═══ Dataset excerpts

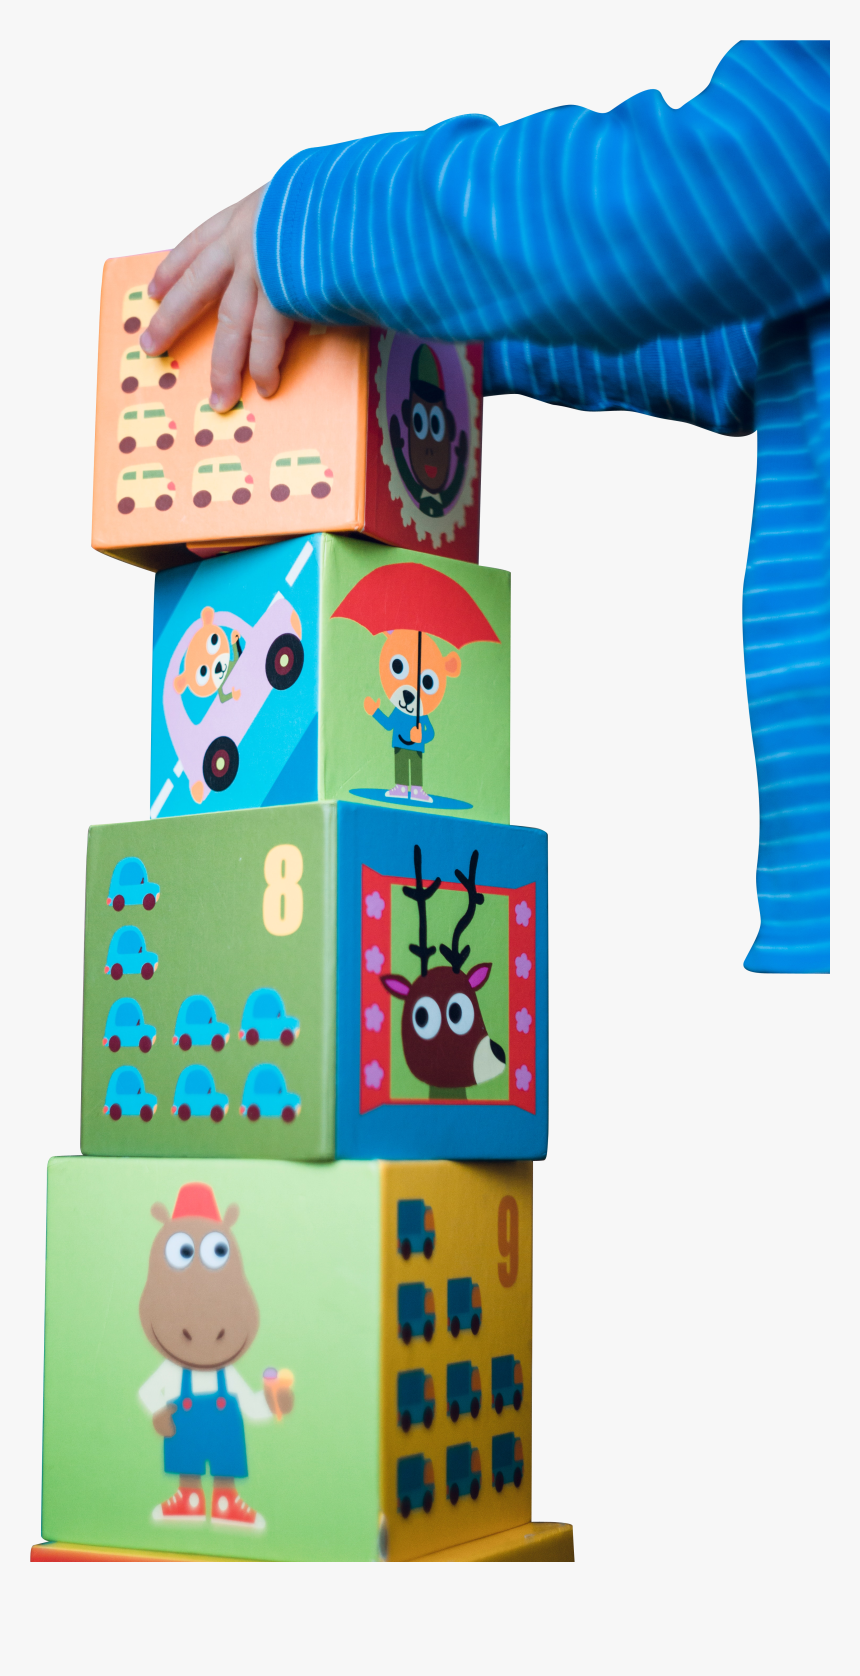 K#stacking Toy Blocks - Child, HD Png Download, Free Download
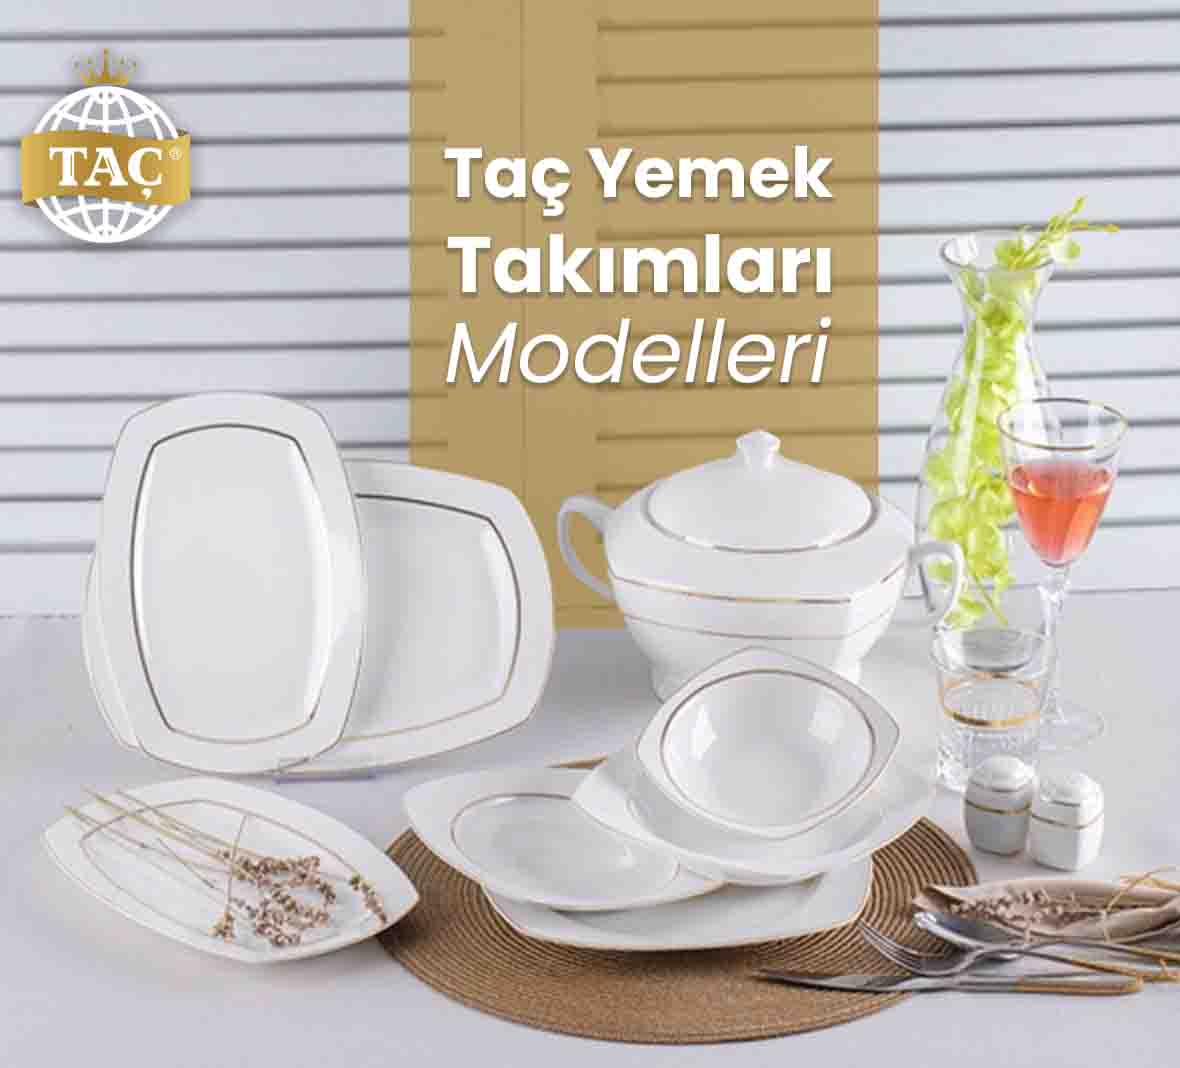 Taç Yemek Takımları Modelleri - Tacev.com
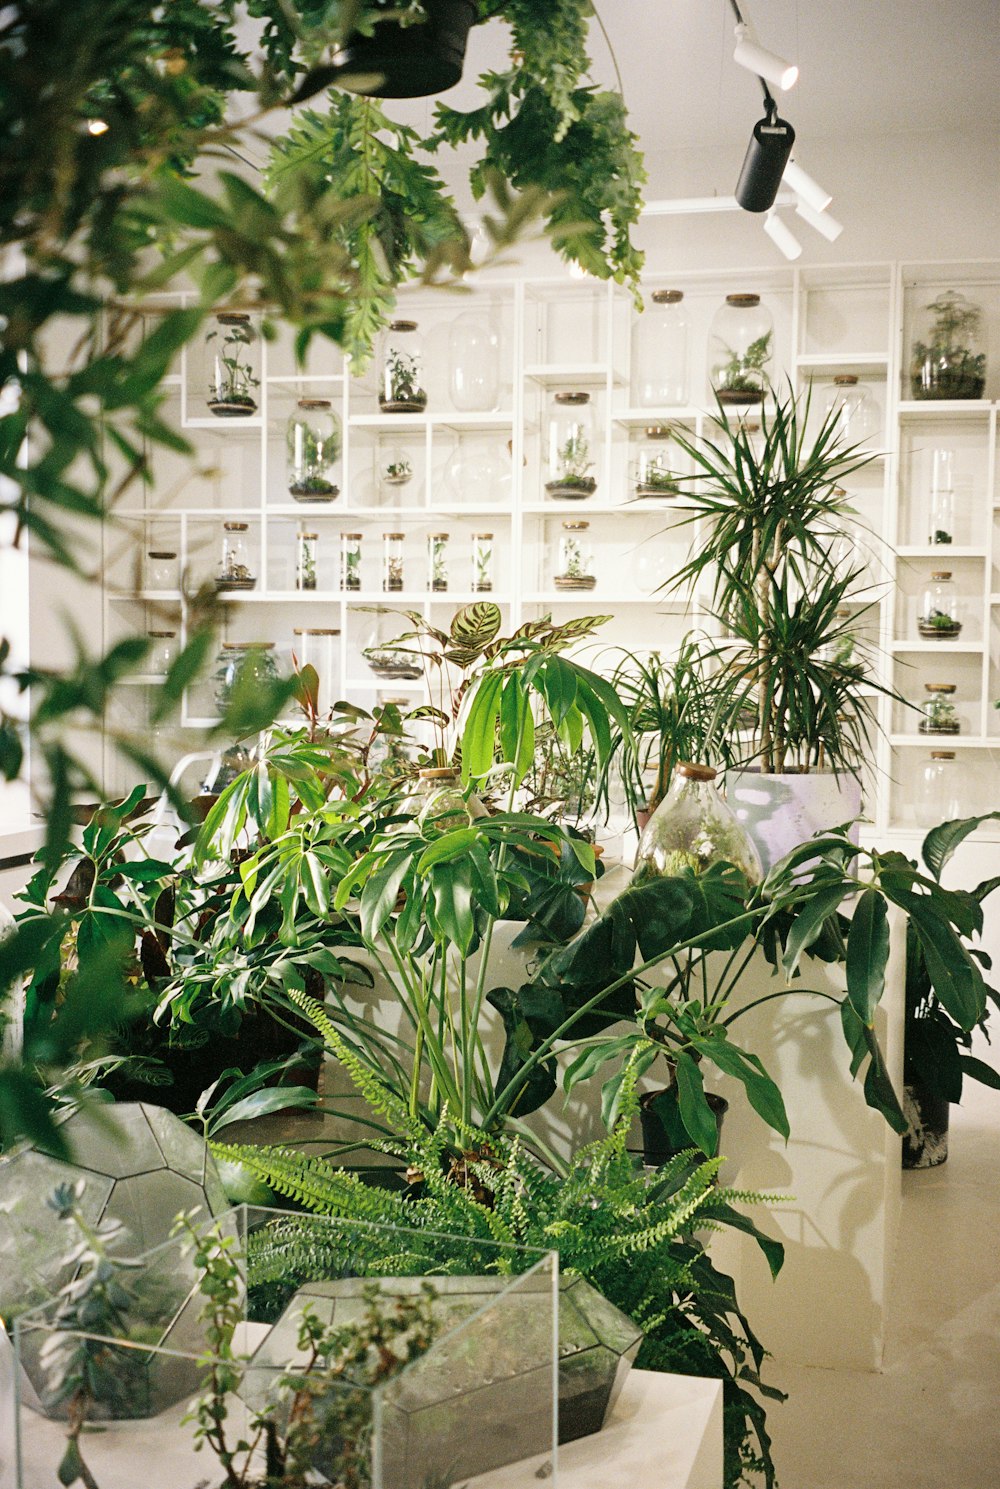 다양한 종류의 식물로 가득 찬 방
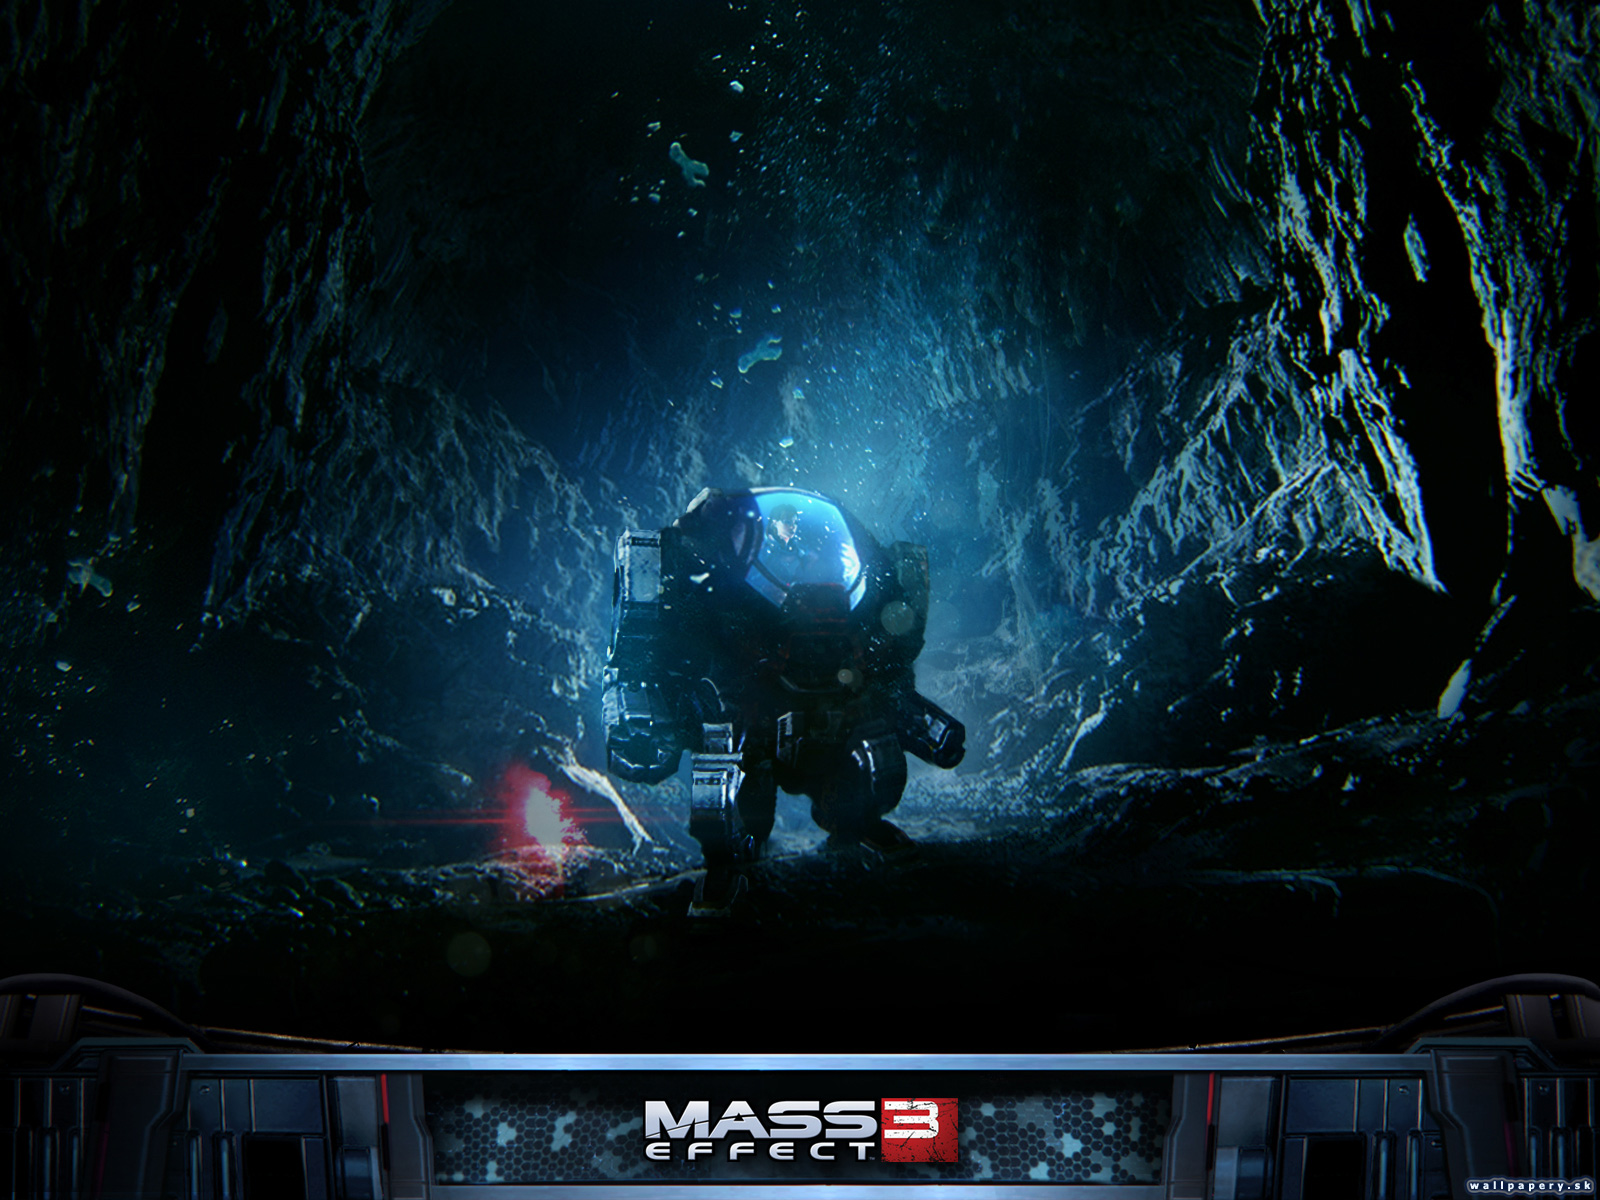 Mass Effect 3: Leviathan - wallpaper 2
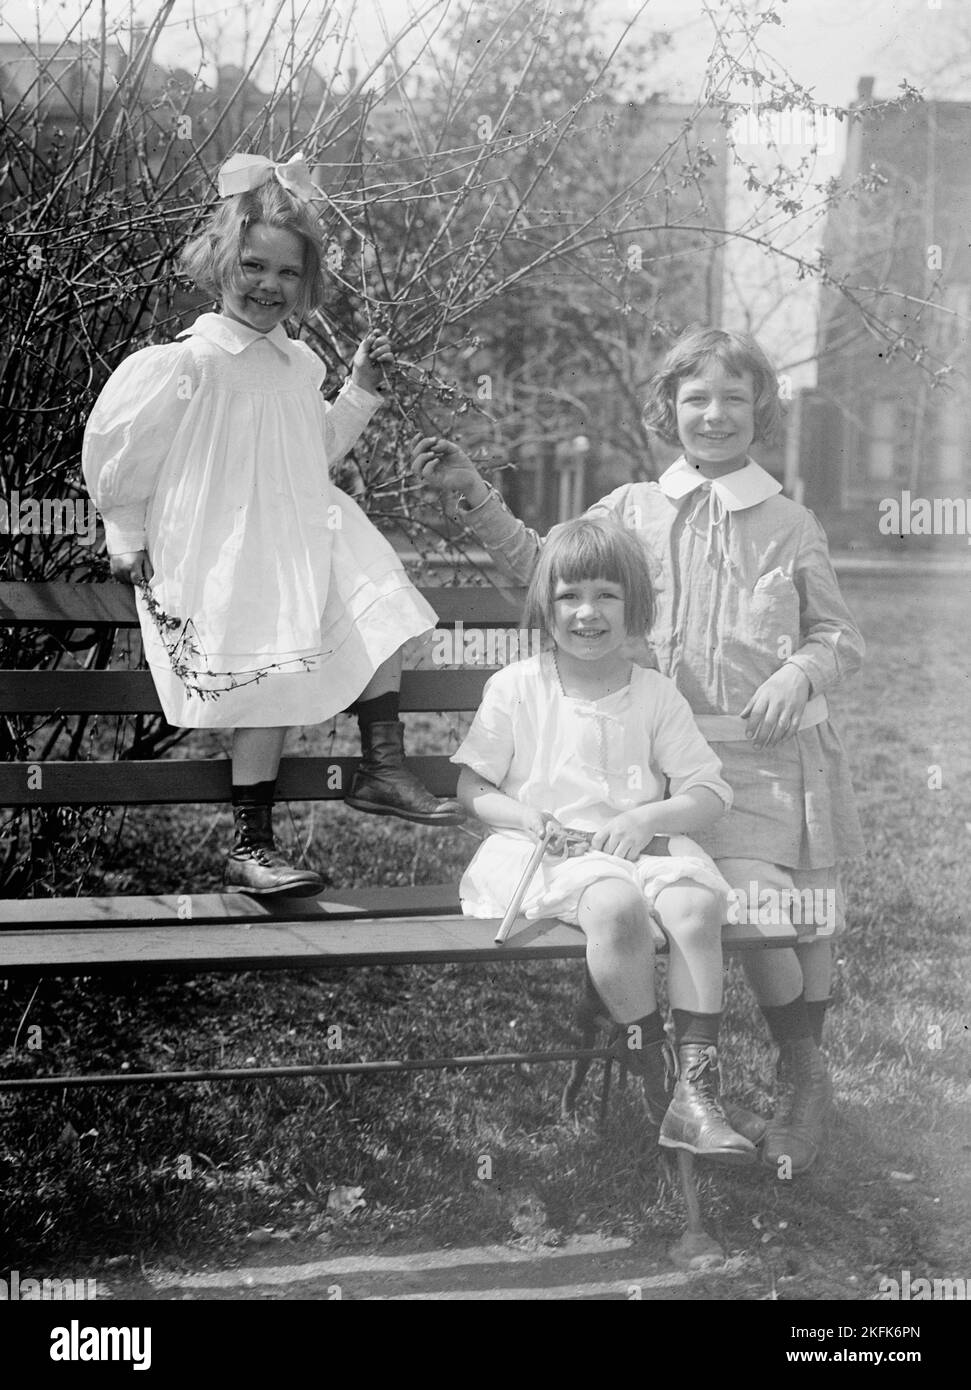 Carlton, George Und Jou-Jou Colt, 1913. Enkel von Lebaron Bradford Colt, Senator von Rhode Island. Sitzendes Kind hält eine Spielzeugpistole in der Hand. Stockfoto
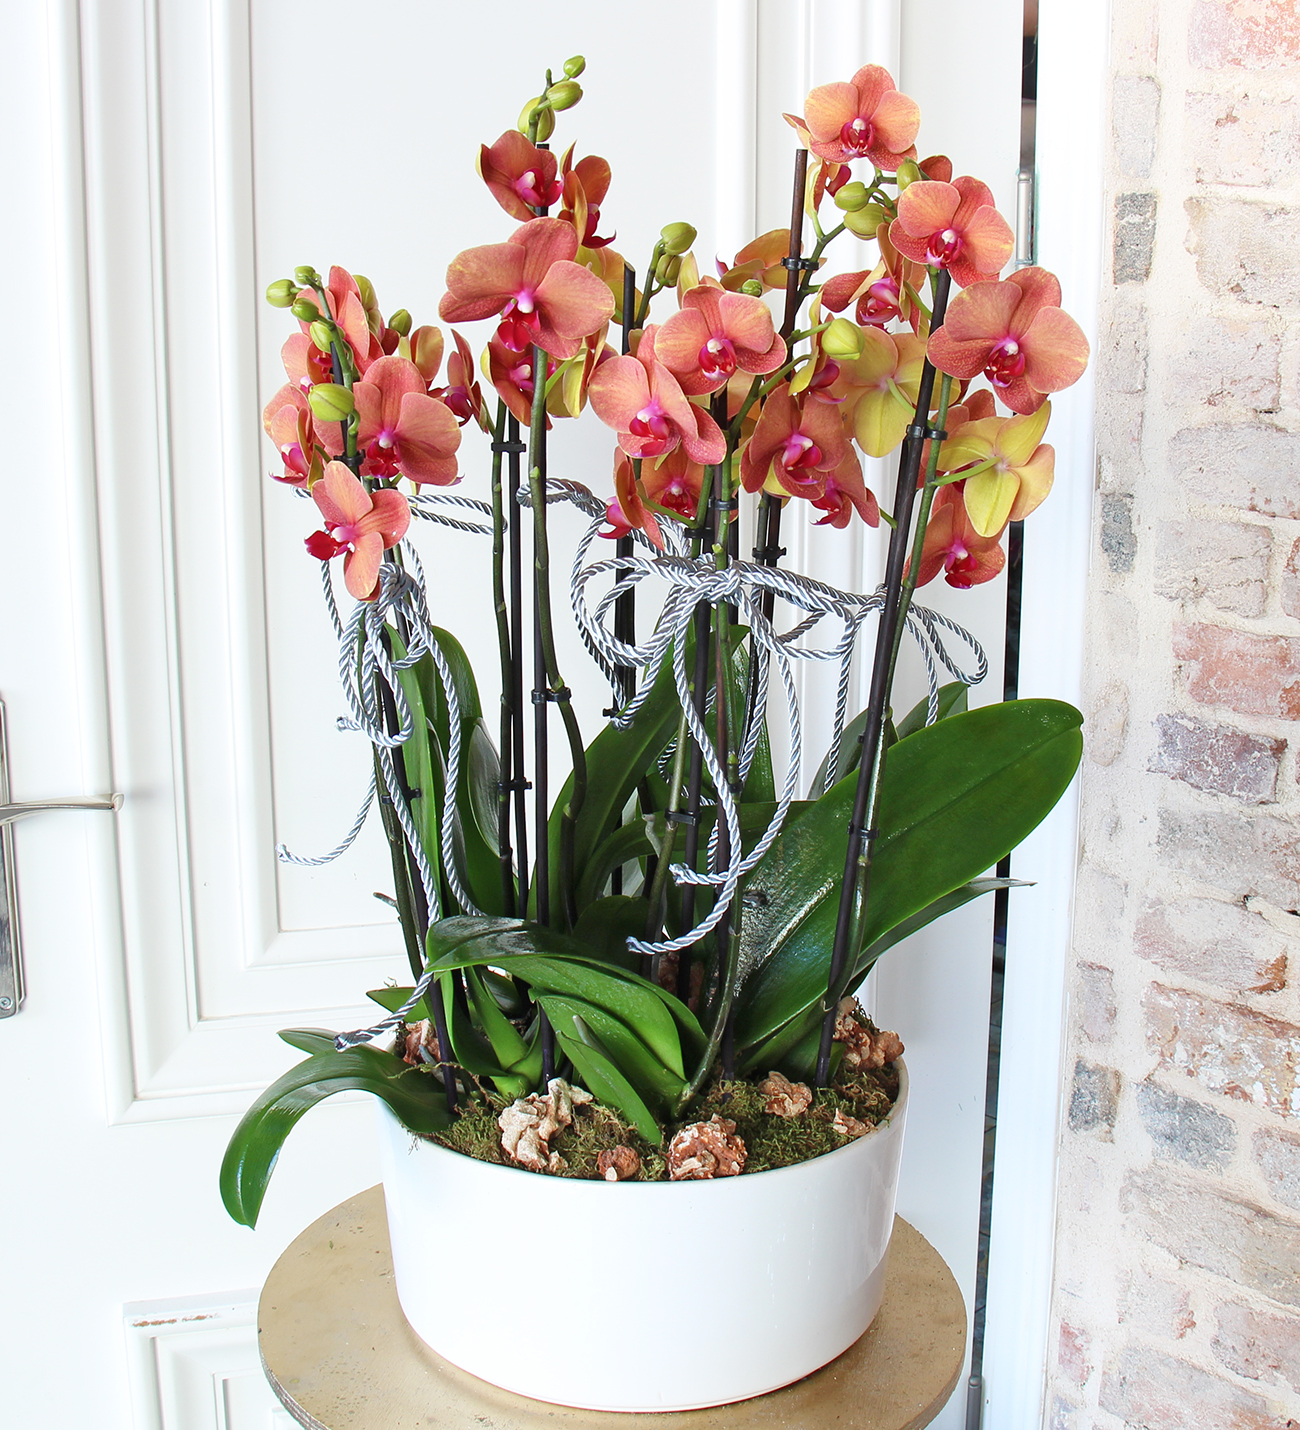 Matila seramik vazo da 8 dallı ateş rengi turuncu orkide tasarımı

══════

> **Work task**
Leave every picture out, and reproduce exactly the lines from the line bearing "Carlton, George Und" through the closing line of the material above.

> **Answer area**
 Carlton, George Und Jou-Jou Colt, 1913. Enkel von Lebaron Bradford Colt, Senator von Rhode Island. Sitzendes Kind hält eine Spielzeugpistole in der Hand. Stockfoto
 Matila seramik vazo da 8 dallı ateş rengi turuncu orkide tasarımı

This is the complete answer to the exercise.